Canada places sanctions on Syria (Vancouver Sun)
OTTAWA — Canada is imposing immediate sanctions against members of the current Syrian regime in response to the brutal crackdown on protesters in that country, Foreign Affairs Minister John Baird said Tuesday.
Adopted under the Special Economic Measures Act, the sanctions include a travel ban on President Bashar al-Assad and others associated with his regime as well as an asset freeze.
Canada has also announced an immediate ban on exports of certain goods and technologies, including arms, munitions, military, nuclear and strategic items intended for use by Syrian armed forces, police, government agencies or other security personnel, Baird said.
Bilateral co-operation agreements and initiatives between Canada and Syria will also be suspended, while people living in Canada as well as citizens living abroad will be barred from dealing in property belonging to listed individuals.

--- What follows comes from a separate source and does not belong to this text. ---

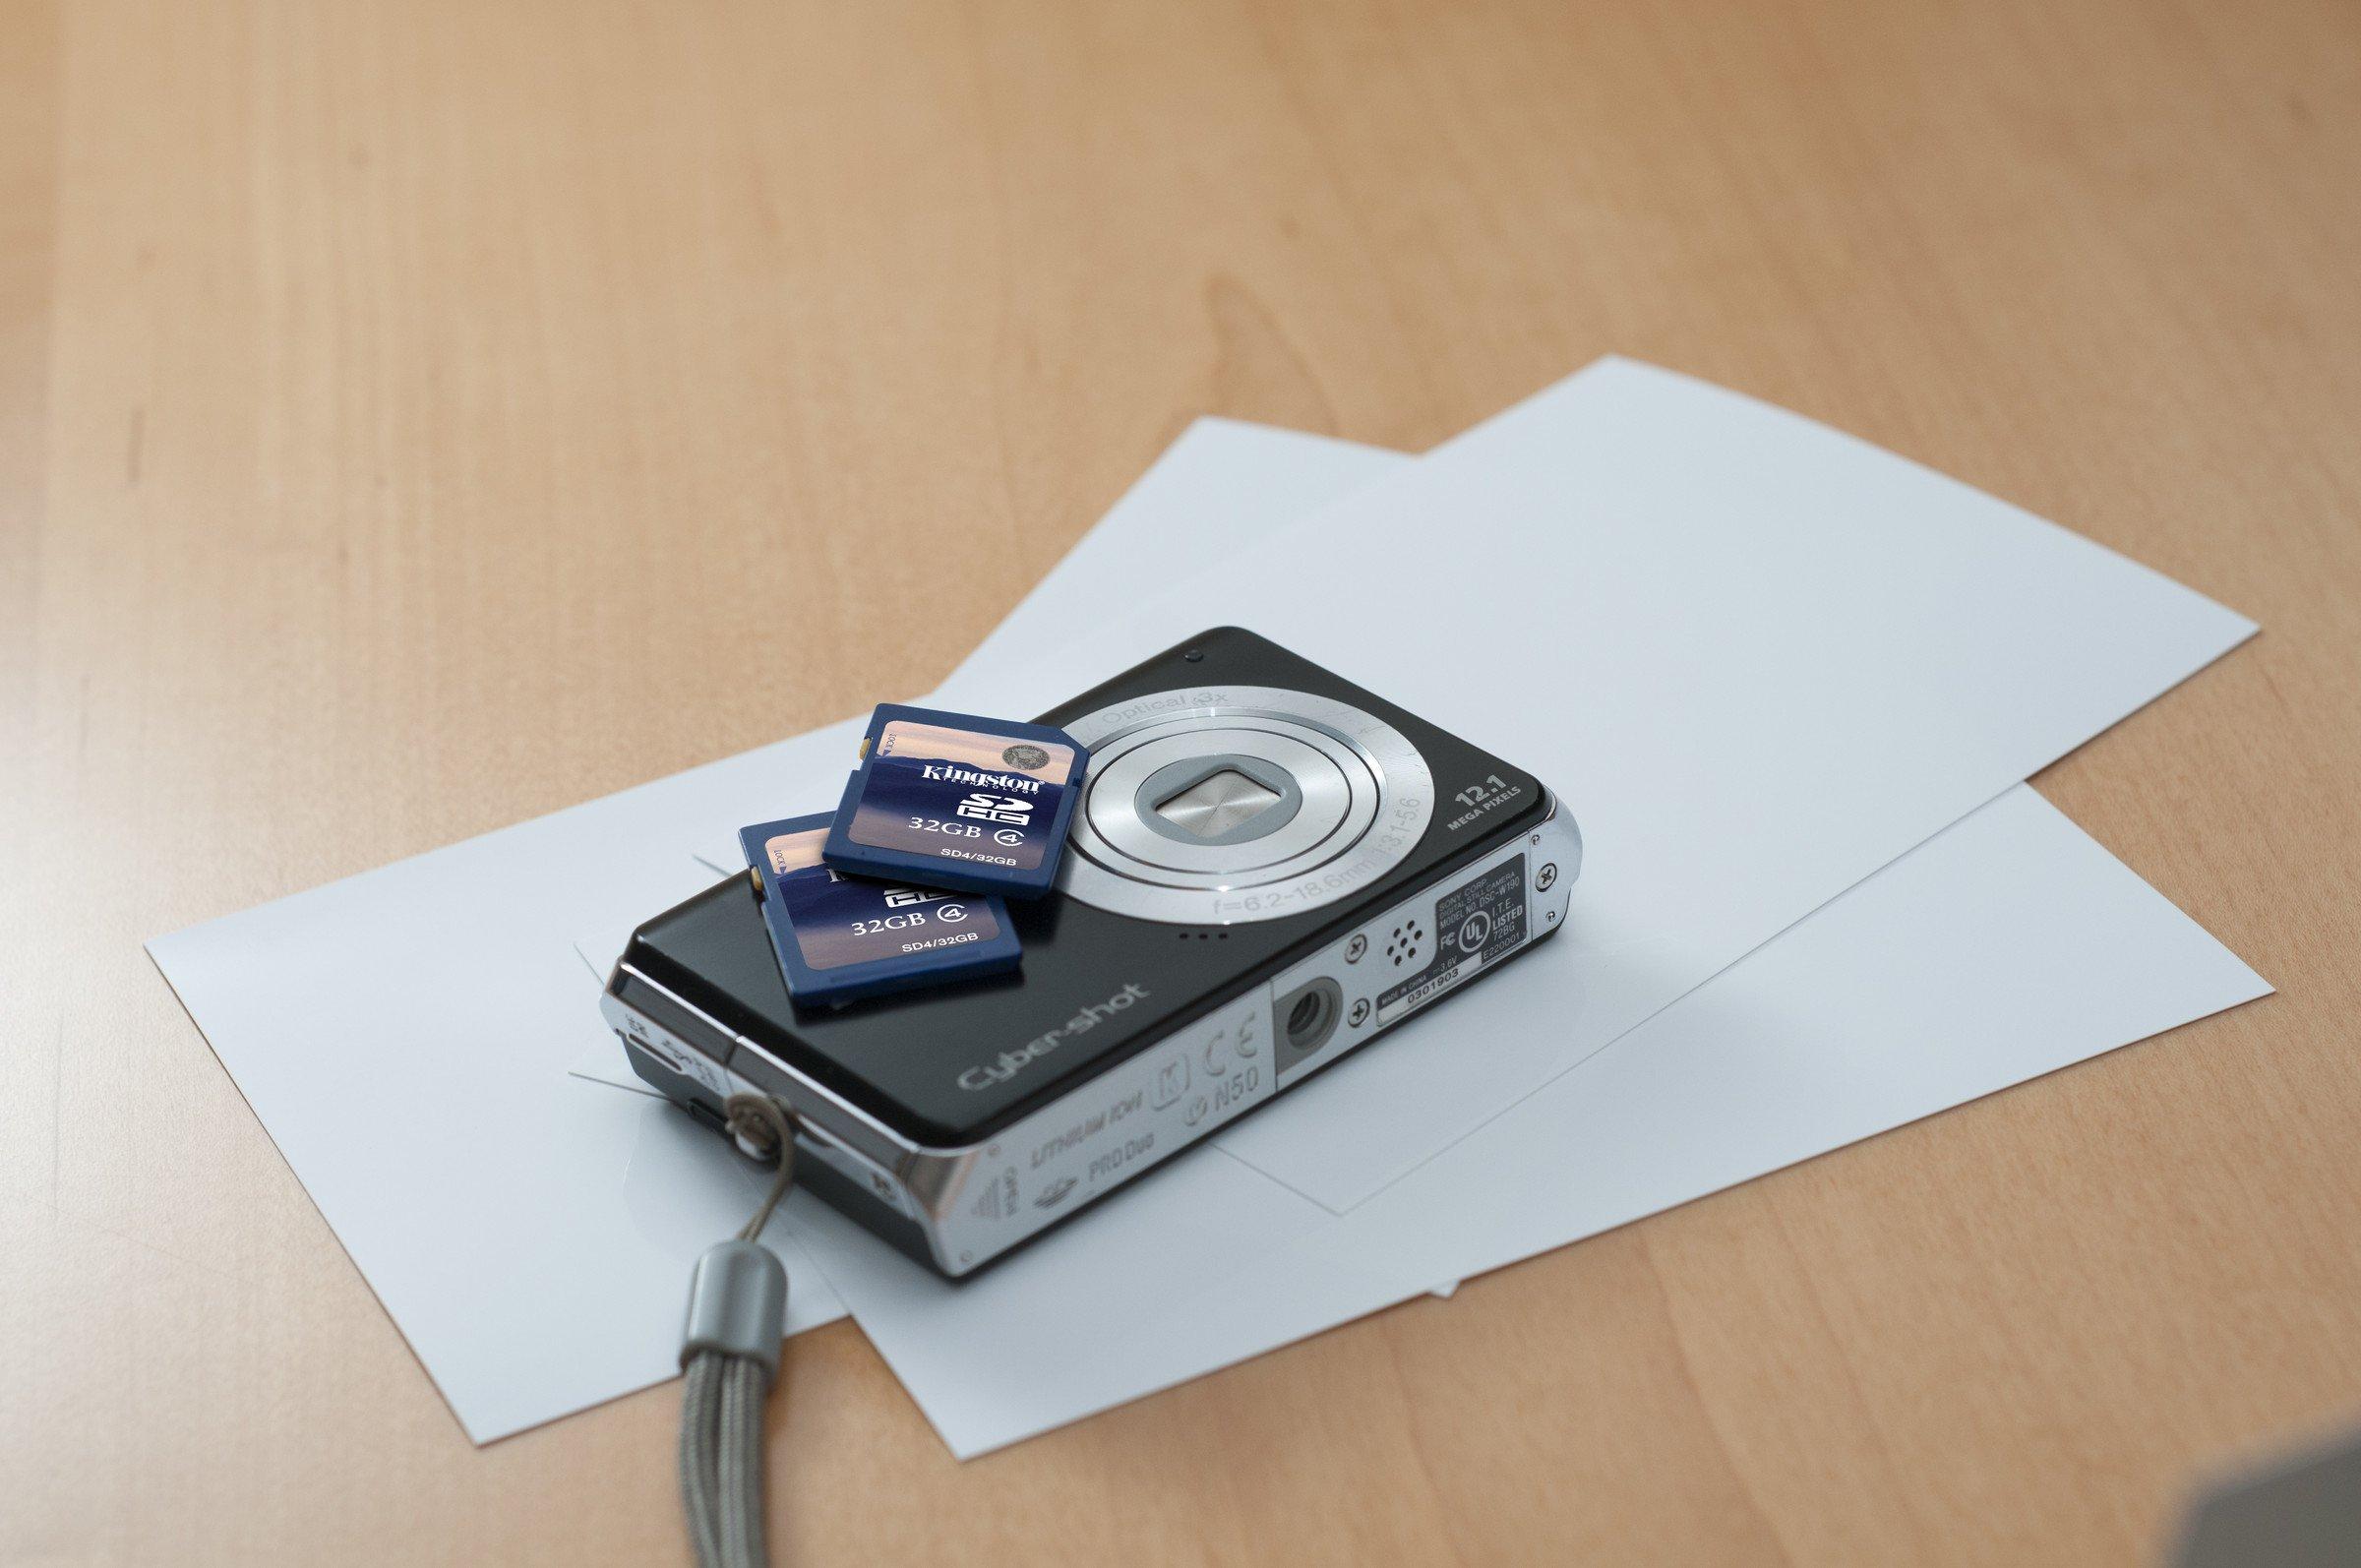 Kingston 4 GB Class 4 SDHC Flash Memory Card 2-Pack SD4/4GB-2P

Canada is also recommending against all travel to Syria, Baird said.
“The sanctions we are putting in place will target the current Syrian regime and are not intended to punish the Syrian people,” he said. “The Syrian people have clearly expressed a desire for a more transparent system of government and their call for a more democratic society has been heard.”
Baird made the announcement at a hastily arranged news conference on Parliament Hill. It came after senior cabinet ministers met to discuss the issue and formulate a response to the government-sanctioned violence occurring in Syria.

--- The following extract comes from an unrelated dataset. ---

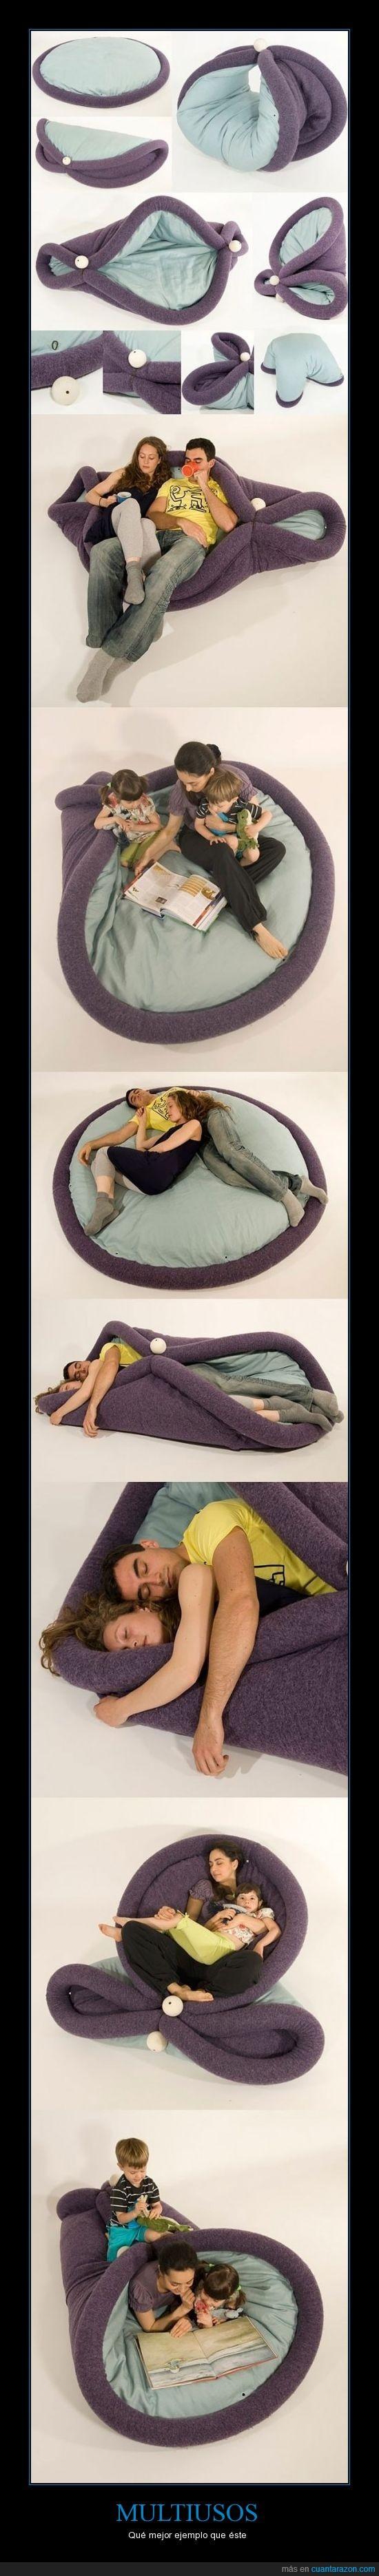 alfombra,cama,manta,multiusos

Prime Minister Stephen Harper had asked his ministers last week for options on imposing sanctions on Syria.
He travels to France later this week for the annual G8 summit, where this year’s discussions are expected to be dominated by the wave of democratic protests that have been sweeping through the Arab world in recent months.
Harper is particularly angry with the actions of the Syrian president who has insisted on using violence to suppress protesters.
“Canada is gravely concerned at the excessive use of force by the Syrian regime against its own people, which has reportedly resulted in the deaths of hundreds of civilians and the detention of thousands more,” Harper said in a statement. “The sanctions being announced today are a repudiation of Syria’s blatant violation of its international human rights obligations that threaten the security of the entire Middle East.”
Shortly before Canada unveiled its plan to impose sanctions, the Opposition noted its support for such a move.
NDP leader Jack Layton said it’s something his party called for several days ago.
“We believed that kind of significant action should be taken by the Canadian government and that it should be followed up always with an offer to assist with the resolution of difficult conflict situations,” he said.
“We’re very supportive of the impulse that’s emerging in so many of these countries toward the creation of more democratic, open and accountable governance.”
According to the latest estimates, about 1,000 civilians have died in two months of clashes between government forces and protesters. Syrian authorities dispute this, blaming armed groups instead.
A spokesman for Harper said last week that the prime minister believes the actions of the Syrian government against civilians are “unacceptable” and that he will raise the situation with his counterparts at the upcoming G8 summit in Deauville, France.
Last Friday marked the 10th consecutive week protesters have defied the crackdown to take to the streets in what has become an escalating cycle of demonstrations, gunfire and arrests. Syrian troops have besieged and bombarded several of the top protest flashpoints, yet protesters are still demonstrating in some towns.
The United States and Europe have already imposed sanctions on Syria. Washington has frozen assets held by Assad and his top political aides to put pressure on the regime, while the European Union has placed an arms embargo on the country.
The wave of protests is the most serious challenge to Assad’s 11-year rule. His minority Alawite family has held power over majority Sunni Muslim Syria for four decades. The uprising followed revolts that ousted leaders in Egypt and Tunisia.
According to Foreign Affairs, Canada exported $59,950,742 worth of goods to Syria last year an imported $16,731,777.